Real Tropical Singularities and Bergman Fans

TL;DR

This paper classifies singular real plane tropical curves using subdivisions of Newton polytopes, introduces signed Bergman fans, and explores their combinatorial and parametric properties, advancing understanding of real tropical geometry.

Contribution

It introduces signed Bergman fans and a duality framework for real tropical curves, providing a classification of singular curves of maximal dimensional type.

Findings

Signed Bergman fans generalize positive Bergman fans.

Duality between real tropical curves and signed subdivisions established.

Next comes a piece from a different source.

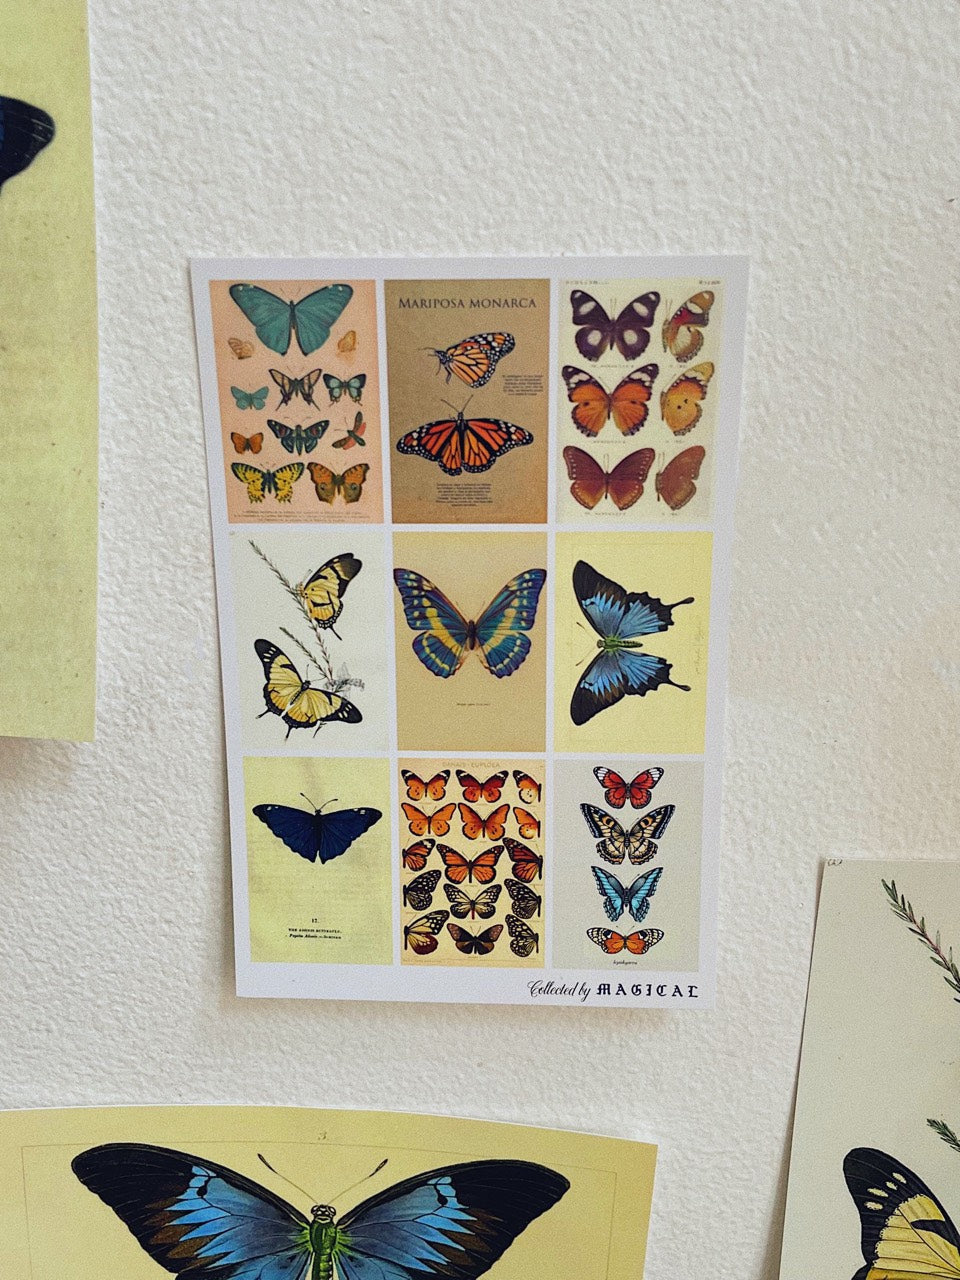 Butterflies Postcard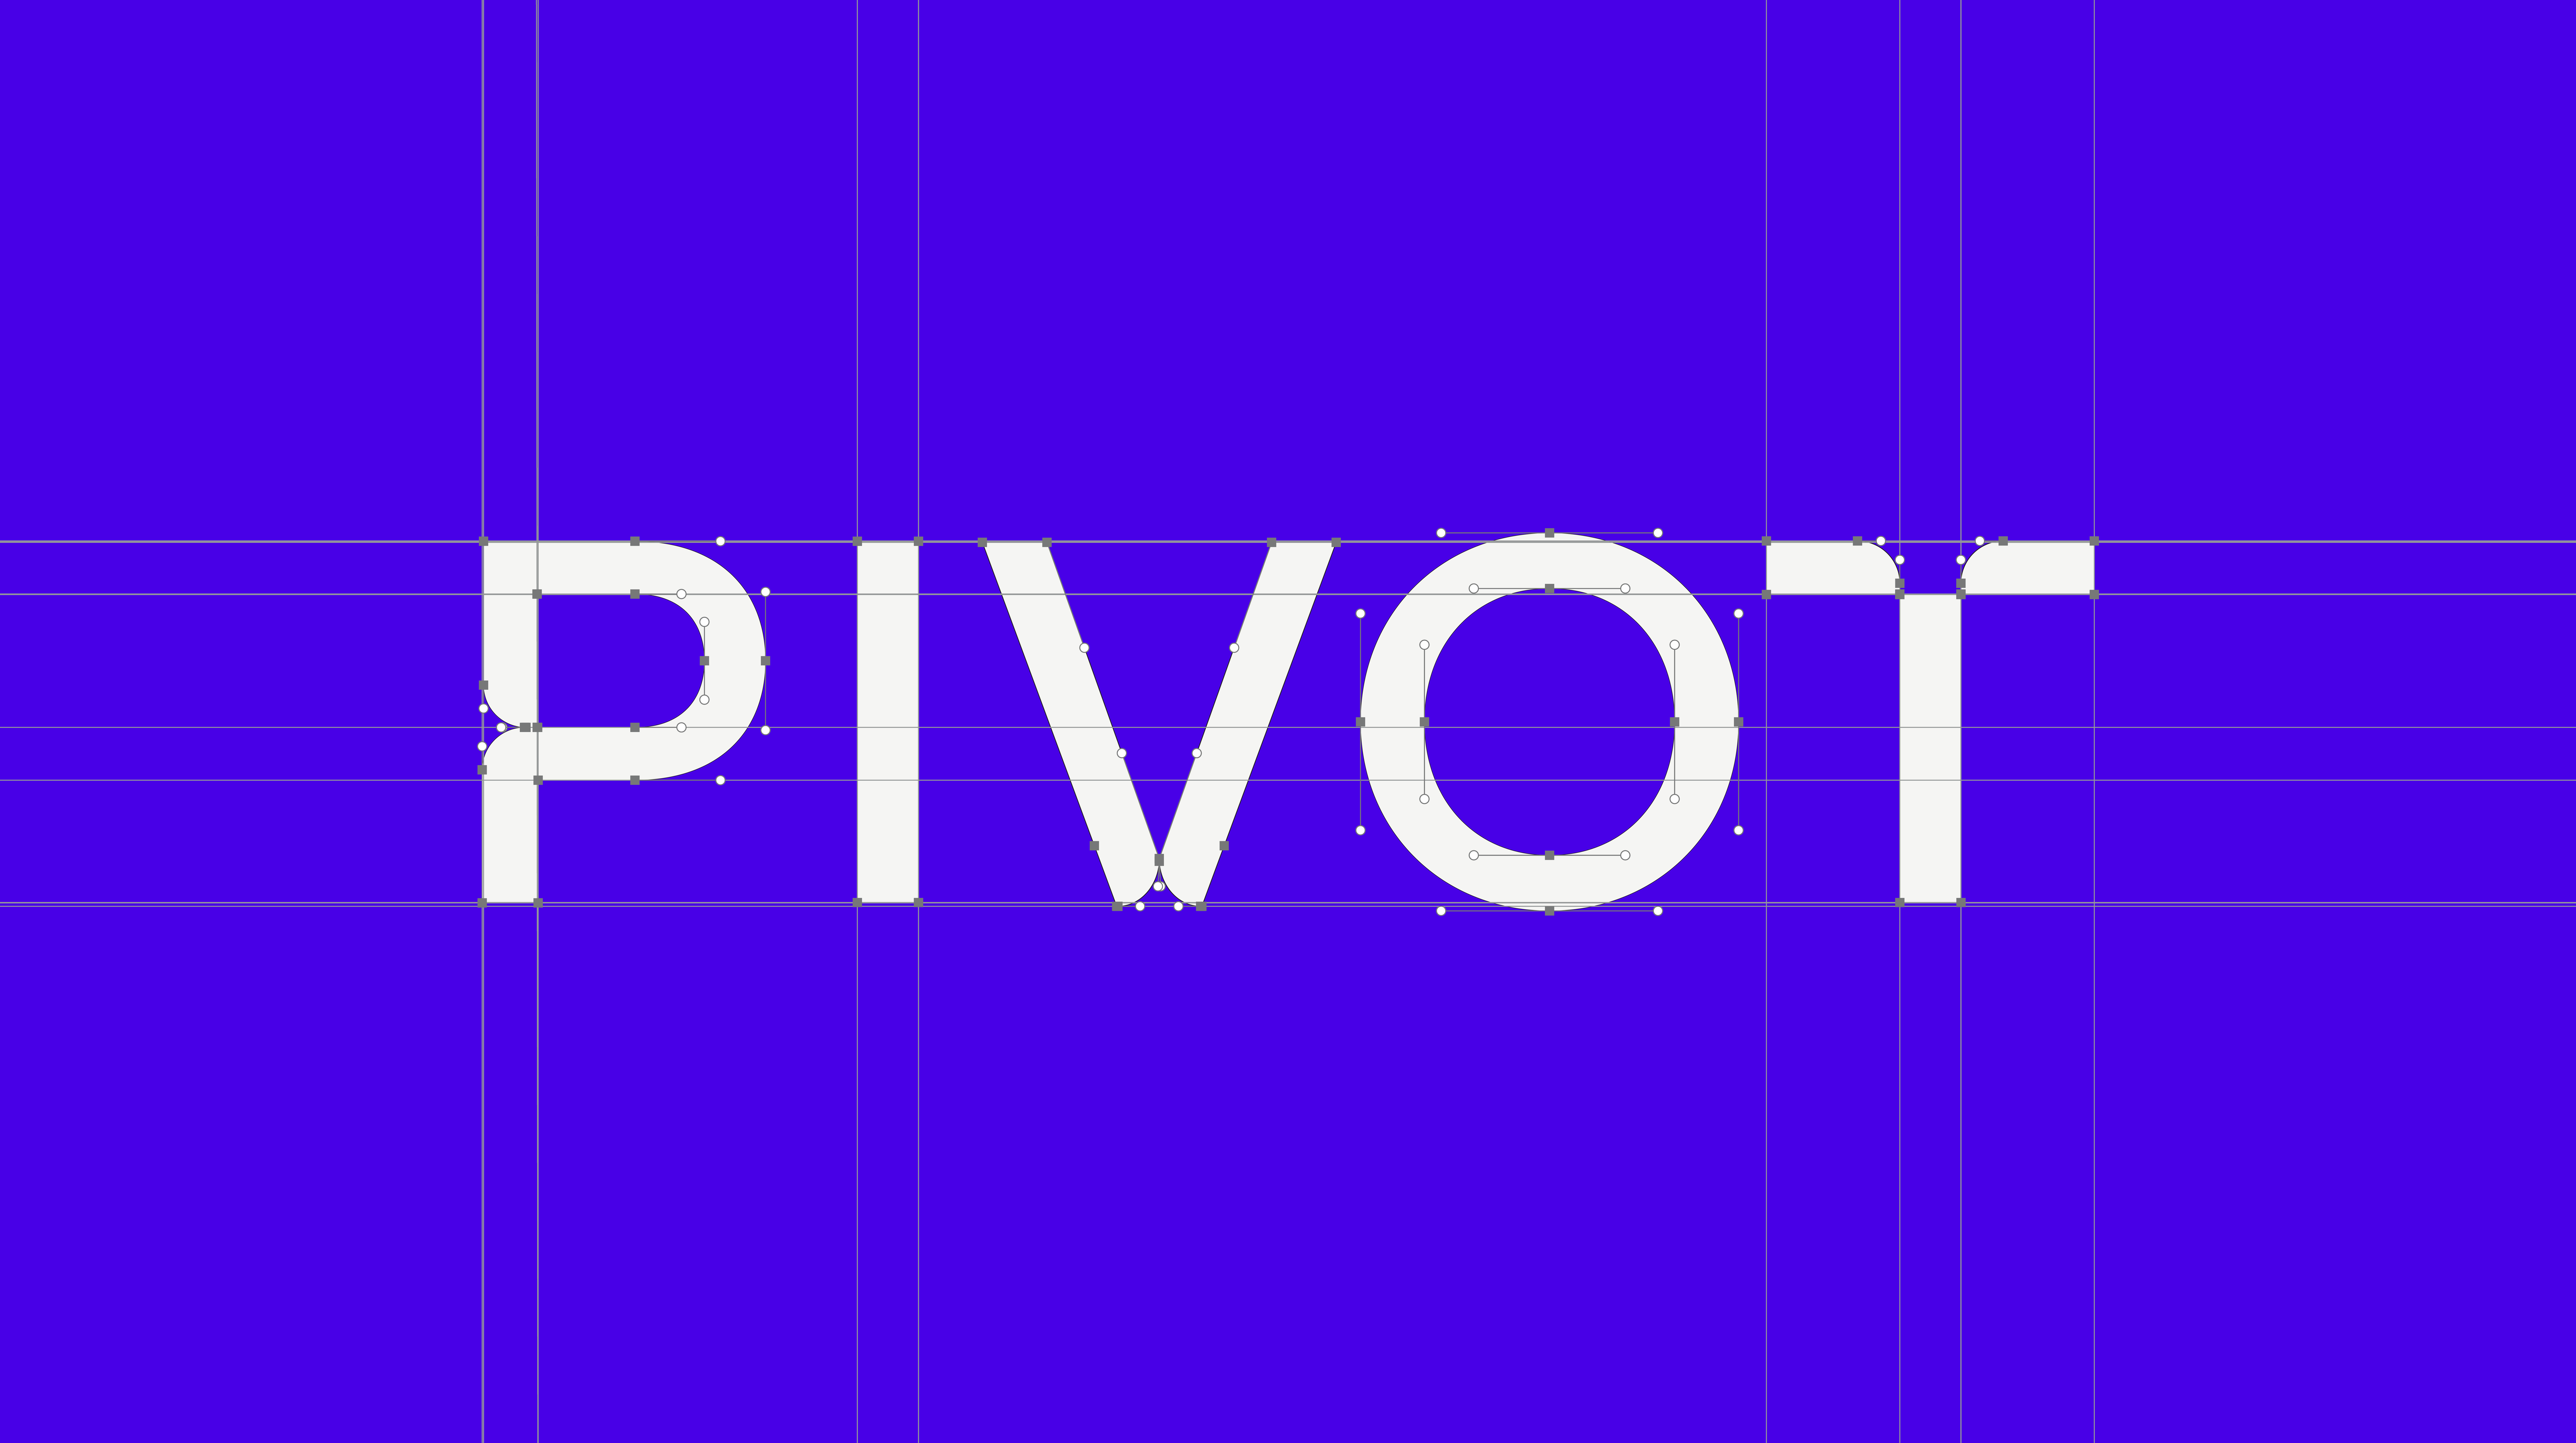 sbww_pivot_Logo_2820x1580

Classification of singular real plane tropical curves of maximal dimensional type.

Abstract

In this paper, we classify singular real plane tropical curves by means of subdivisions of Newton polytopes. First, we introduce signed Bergman fans (generalizing positive Bergman fans from [AKW06]) that describe real tropicalizations of real linear spaces ([Tab15]). Then, we establish a duality of real plane tropical curves and signed regular subdivisions of the Newton polytope and explore the combinatorics. We define a signed secondary fan that parametrizes real tropical Laurent polynomials and study the subset providing singular real plane tropical curves. A cone of the signed secondary fan is of maximal dimensional type if its corresponding subdivision contains only marked points ([MMS12a]). These cones parametrize real plane tropical curves. We classify singular real plane tropical curves of maximal dimensional type.